Interpretation of the term as referring to the Catholic Church 
The "great and abominable church" was commonly identified by early Mormons as the Catholic Church.

Historian Neil J. Young supports interpreting the term as referring to Catholic Church and writes:

The Mormon Doctrine controversy 
The first edition of LDS Church general authority Bruce R. McConkie's Mormon Doctrine stated: "It is also to the Book of Mormon to which we turn for the plainest description of the Catholic Church as the great and abominable church." As McConkie's book became popular, the belief that the great and abominable church was the Catholic Church "became embedded in popular [Mormon] belief, despite the fact that this idea was never sanctioned or preached over the pulpit."

McConkie's book became controversial with the leadership of the LDS Church, and he was pressed into making significant changes in the second edition. The second edition of Mormon Doctrine removed the reference to the Catholic Church, and instead stated: "The titles church of the devil and great and abominable church are used to identify all churches or organizations of whatever name or nature—whether political, philosophical, educational, economic social, fraternal, civic, or religious—which are designed to take men on a course that leads away from God and his laws and thus from salvation in the kingdom of God."

Other interpretations 
Official LDS publications discourage the identification of the great and abominable church with the Catholic Church, as well as with any other specific religion, denomination or organization. 

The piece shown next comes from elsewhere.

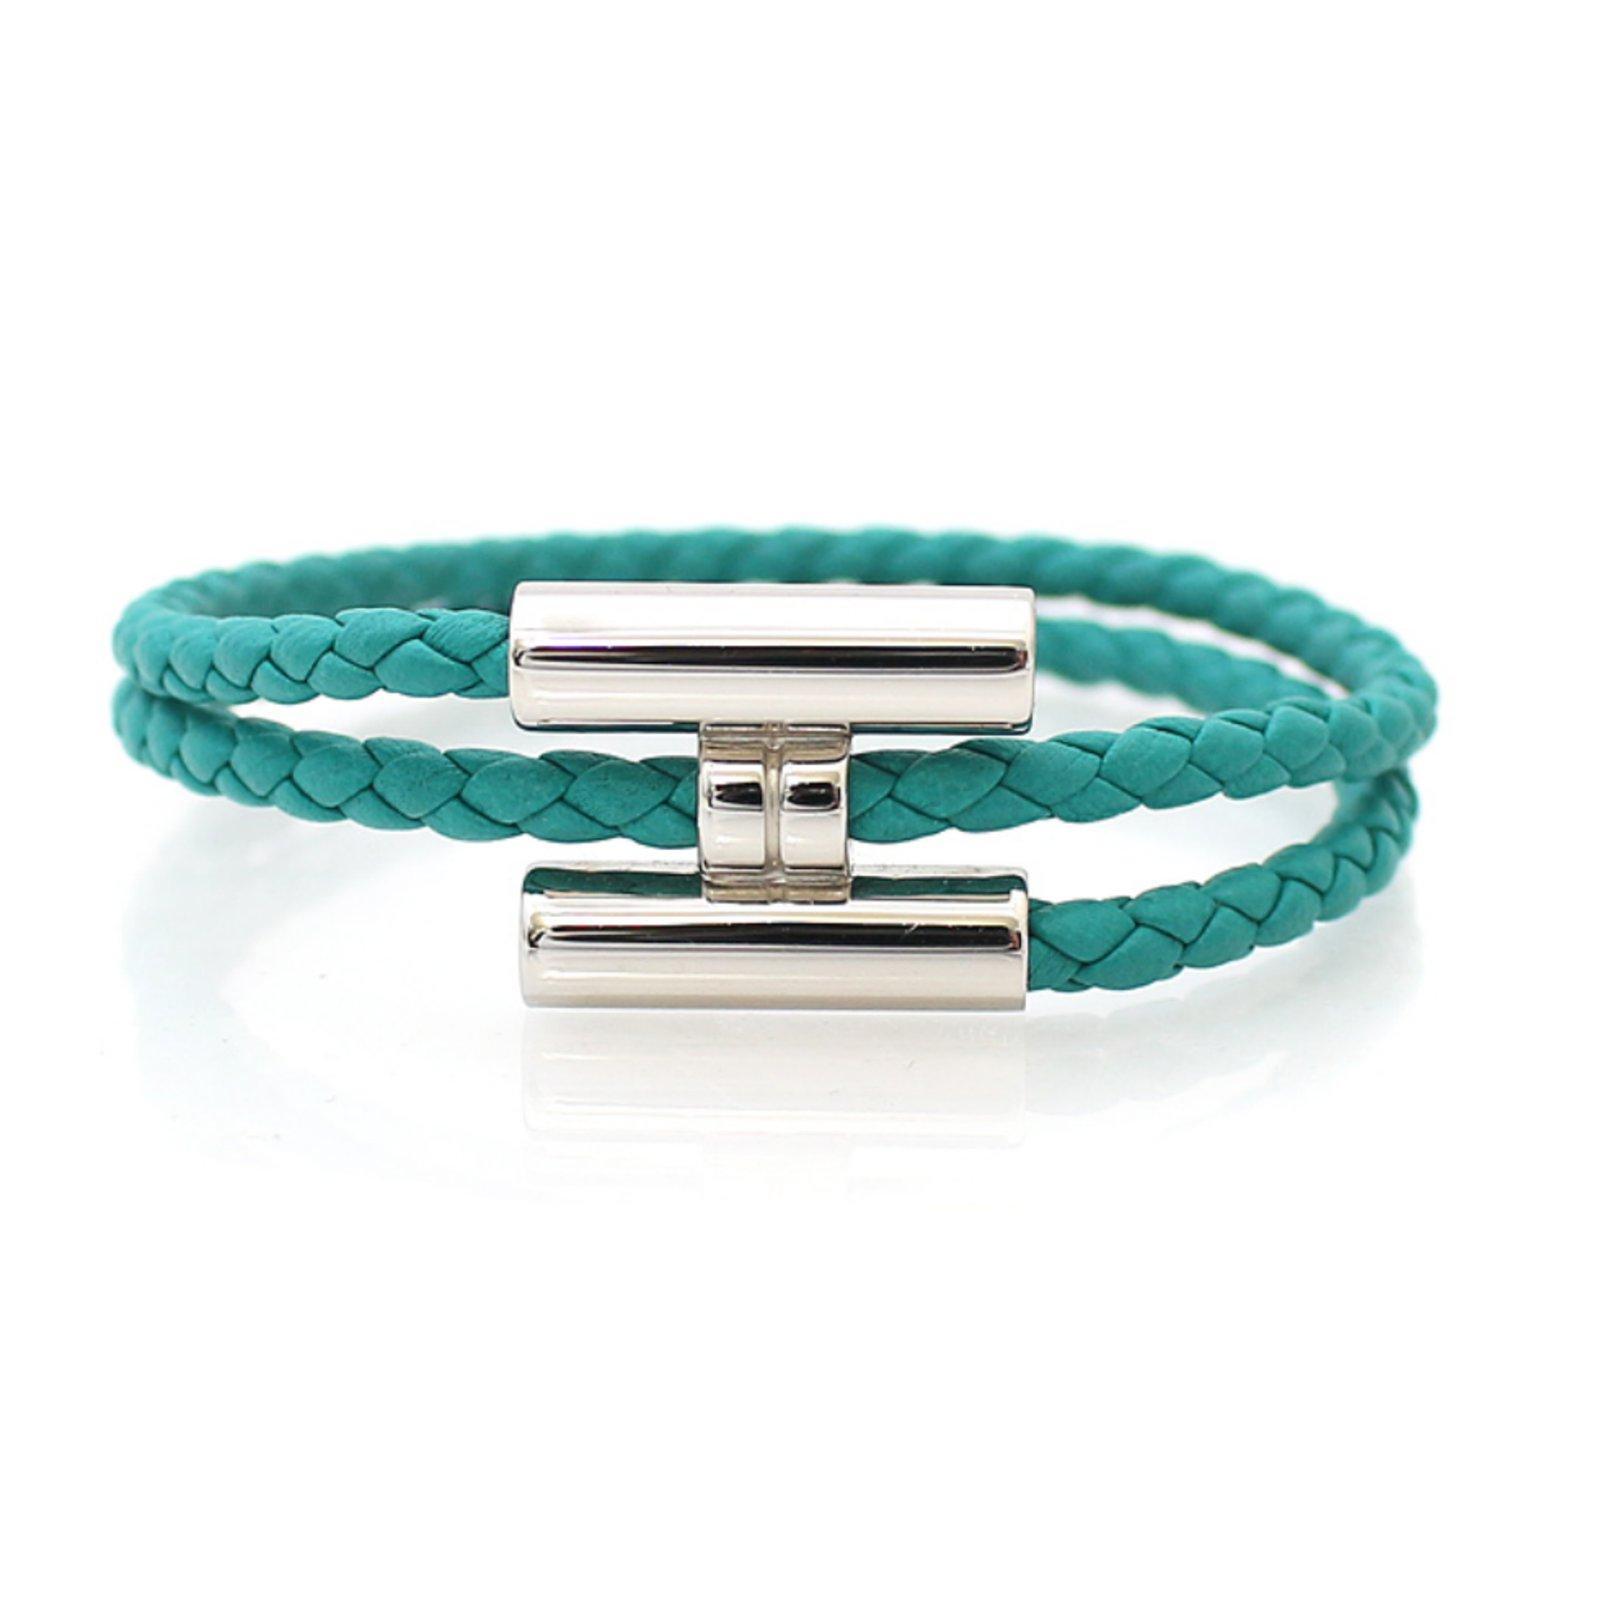 0fd9fdd837 ... spain hermès bracelet tournis tressé wallets small accessories leather  blue ref.56129 joli closet 1dd7c

According to a 1988 article by Stephen E. Robinson in Ensign, an official magazine of LDS Church, "no single known historical church, denomination, or set of believers meets all the requirements for the great and abominable church. ... Rather, the role of Babylon has been played by many different agencies, ideologies, and churches in many different times." Regarding the popular identification of the Catholic Church with the great and abominable church, Robinson states:

More often, some have suggested that the Roman Catholic church might be the great and abominable church of Nephi 13. This is also untenable, primarily because Roman Catholicism as we know it did not yet exist when the crimes described by Nephi were being committed. In fact, the term Roman Catholic only makes sense after A.D. 1054 when it is used to distinguish the Western, Latin-speaking Orthodox church that followed the bishop of Rome from the Eastern, Greek-speaking Orthodox church that followed the bishop of Constantinople. ... Even if we use the term Catholic for the church Constantine made the state religion in A.D. 313, the New Testament as we know it was already widely circulating. That is, the plain and precious parts had already been removed. The notion of shifty-eyed medieval monks rewriting the scriptures is unfair and bigoted. We owe those monks a debt of gratitude that anything was saved at all.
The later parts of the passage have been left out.